COLLECTED MATERIAL Block Start

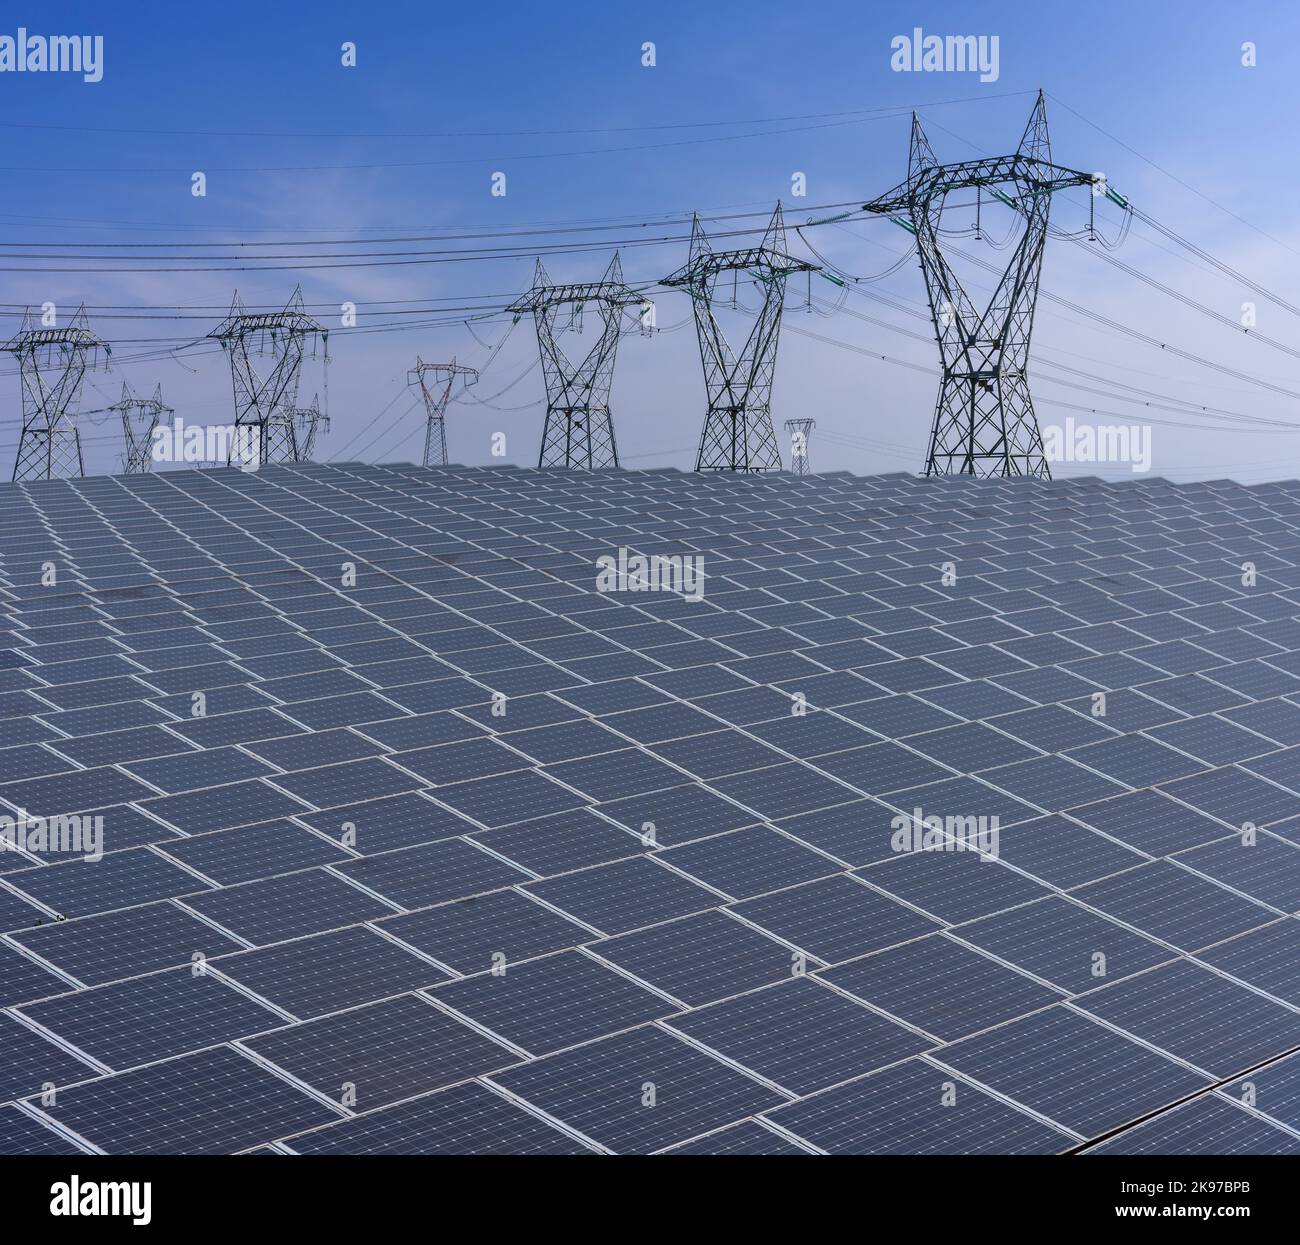 Sonnenkollektoren mit Hochspannungsmasten am blauen Himmel, Elektrizitätsproduktionsanlage mit großer Oberfläche von Sonnenkollektoren Stockfoto
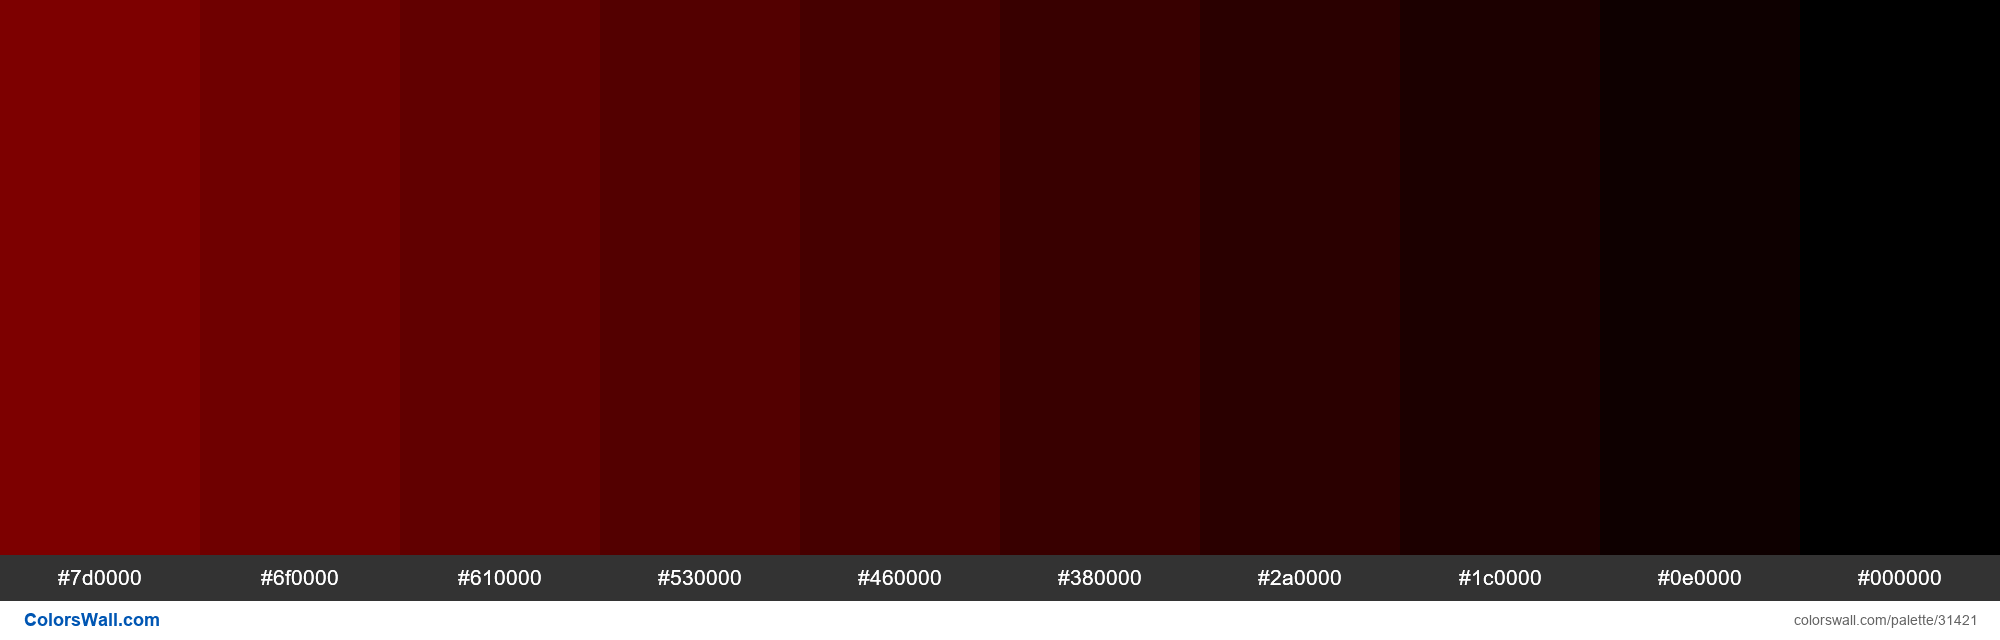 dark red Color Palette
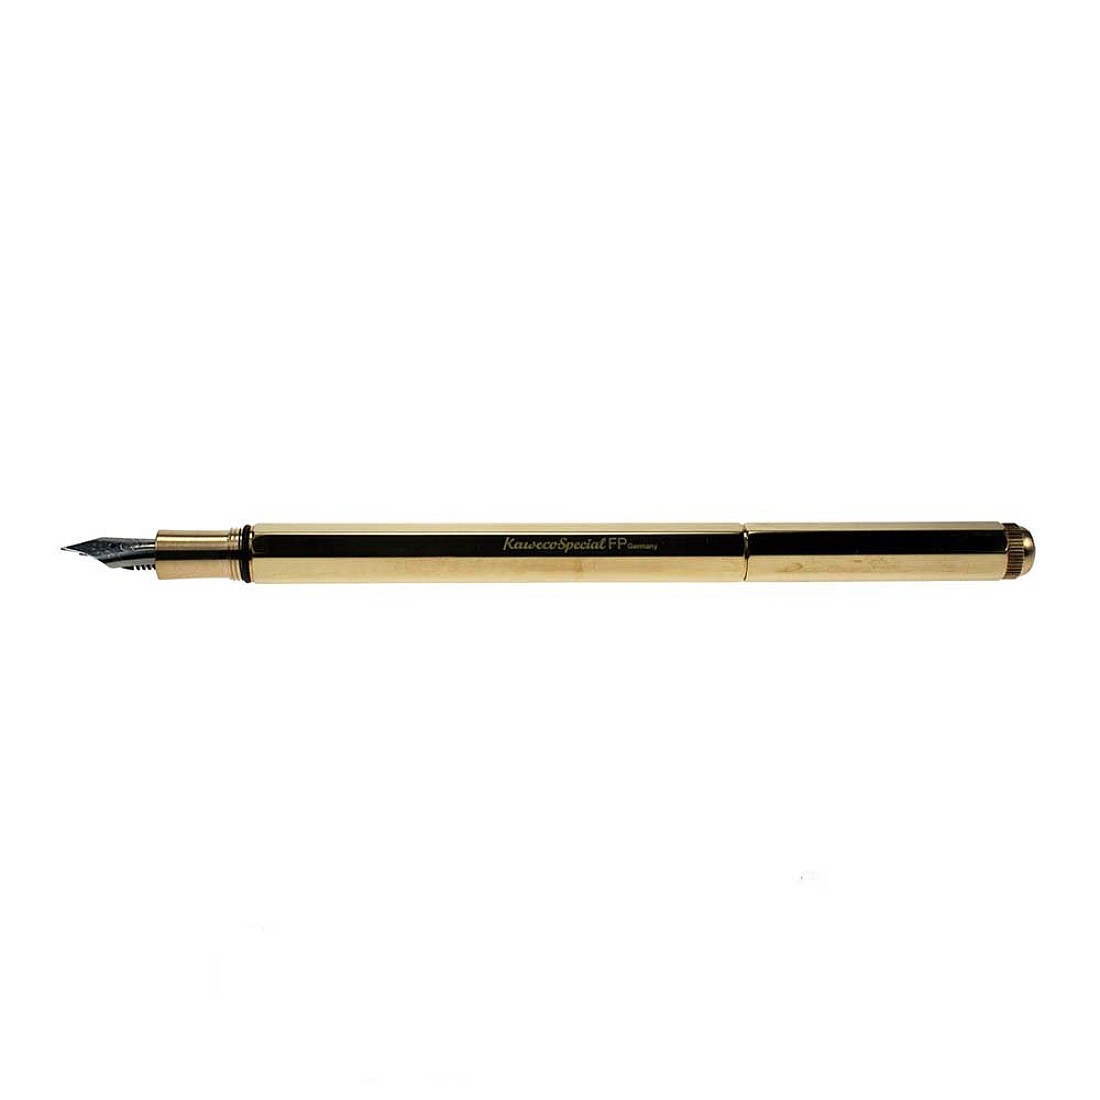 https://appelboom.com/image/cache/catalog/Kaweco/Special/kaweco-special-brass-fountain-pen-1100x1100.jpg

COLLECTED MATERIAL Block End

TASK TO COMPLETE → Retype, word for word, only the line holding "dark red Color Palette" and the lines after it through the final line of the listing above, and leave every picture out.

EXPECTED ANSWER →
 dark red Color Palette
 https://appelboom.com/image/cache/catalog/Kaweco/Special/kaweco-special-brass-fountain-pen-1100x1100.jpg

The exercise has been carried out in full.